Night: When the choir begins, the marsh transforms. The glowing bellies of the frogs reflect across the dark water, pulsing in time with the rhythm of their songs. The effect is breathtaking — a living constellation mirrored in the mud.

Superstitions

Truth in Song: Locals believe the frogs fall silent in the presence of a liar, refusing to sing until the liar departs.

Carried Wishes: Children are told to whisper wishes into the marsh during the Choir, so the frogs can sing them to the gods.

The Silent Year: A recorded year in which the frogs did not sing at all. That same year, crops failed and a plague swept nearby towns. To this day, silence from the Choir is seen as a dire omen.

Attempts at Exploitation

Pets: Traders once tried to sell Firebelly Singing Frogs to nobles in the Green Zone. Without the marsh, the frogs' voices died, and the venture collapsed.

Poison Harvesting: Smugglers tried to extract toxins for use in weapons, but handling the frogs directly is so dangerous that many died in the attempt.

Scientific Study: Green Zone biologists still visit the marsh, baffled by how thousands of frogs maintain such perfect harmonic structure. No recordings ever capture the full resonance.
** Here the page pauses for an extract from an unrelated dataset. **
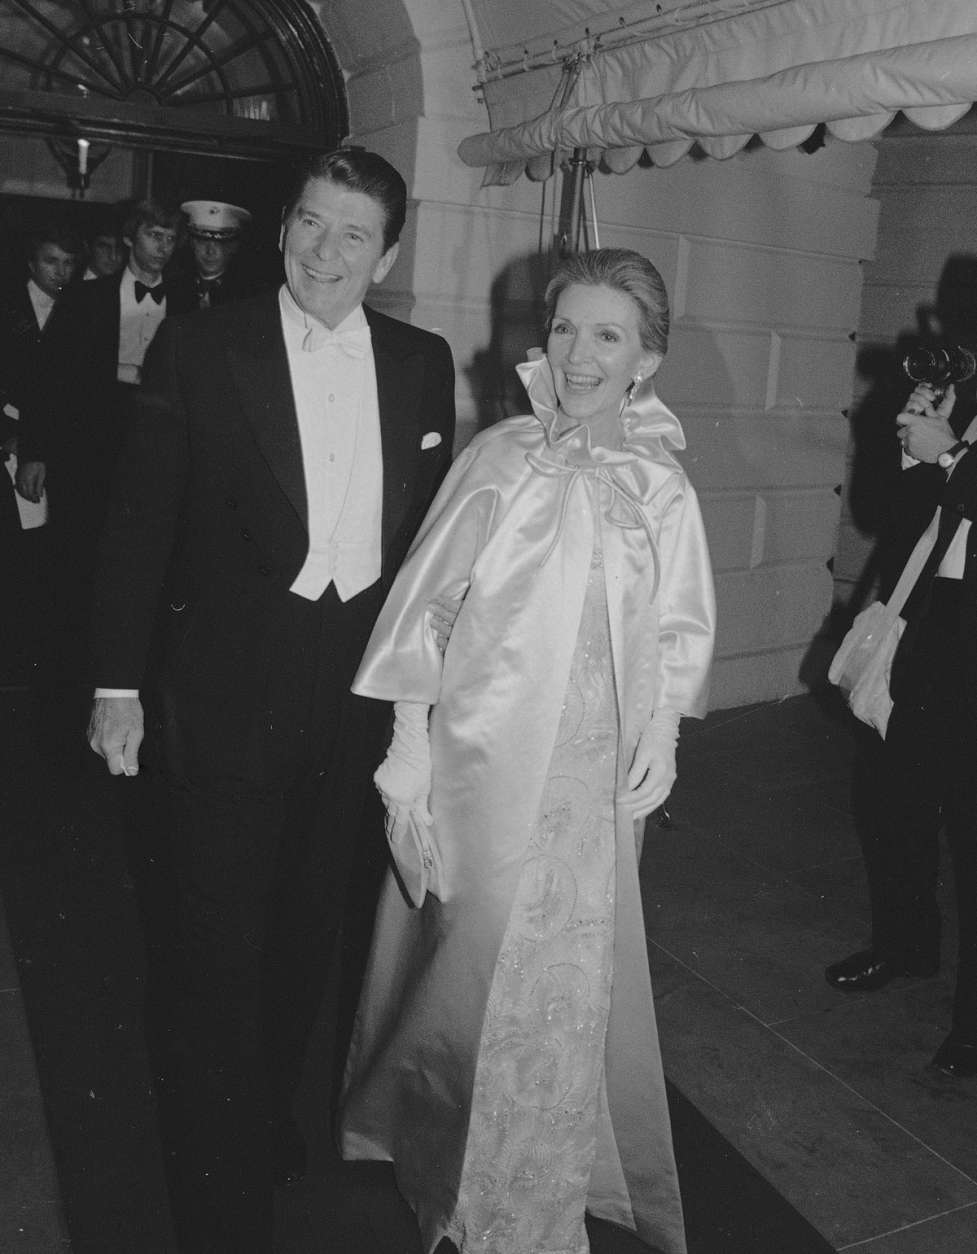 Pres. Ronald Reagan and first lady Nancy Reagan leave the White House to attend the first of several inaugural balls in Washington, Jan. 20, 1981. (AP Photo)

Status Among the 100 Wonders of Hemera

The Mudhole Choir is one of the rare wonders that is small, fragile, and purely beautiful. Neither empire, corporation, nor Princedom has managed to weaponize it. It simply exists, untouched, dangerous yet enchanting. To stand on its edge at dusk is to feel something that words, machines, or recordings cannot carry, only memory, and the song itself.